Not good for storing future meeting times. DST switchover dates can change, and your tz-normalized date won't change with it.


Or if you really want to be future proof, store the geolocation so you can try to figure out the jurisdiction for any changing regulations. Maybe they didn't change the date of the switch, but changed the timezone boundary on the map.

But, then I guess we might need to account for fractured societies and actually store some kind of organizational code for which belief system the event author adheres to? :-)


You jest, but there are three calendars in active daily use in close enough proximity to me that it is not unheard of for mistakes to happen. Especially in the evening, as not all calendars start the new day at the same hour!


To me that an UI/UX issue.

Internally everything is stored and handled in TAI (better than UTC as no discontinuity) and translated from/to something else for human consumption.

I.e. for instance your should have logic to figure out what TAI period corresponds to "next month's meetings" if that's what the user wants, which you apply immediately on user inputs and then forget about DST, time zones, etc. in the rest of the code and storage.

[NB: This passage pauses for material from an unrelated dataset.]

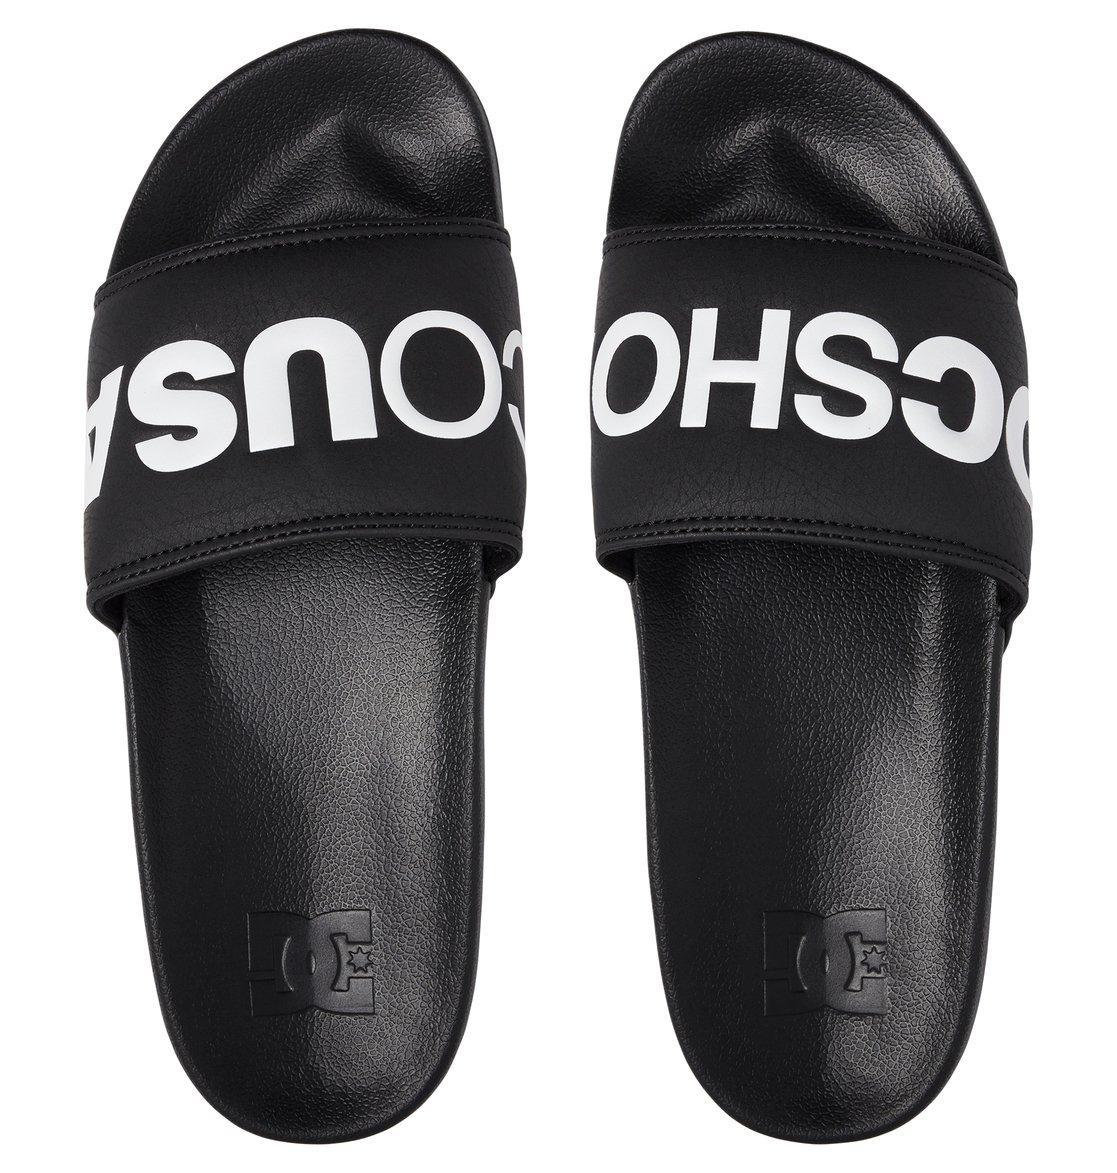 Mens Black And White Slip On Shoes

Another benefit is that if your user was in New York but is now in London it is trivial and well-constrained to adjust to local time.


No, it is not. It is because converting to UTC loses information that can't be retrieved.


Uh, no - meetings need to be stored with a timezone they were created in. This is how major calendar apps work.

In Apple Calendar you can enable advanced timezone settings and you get a timezone override option.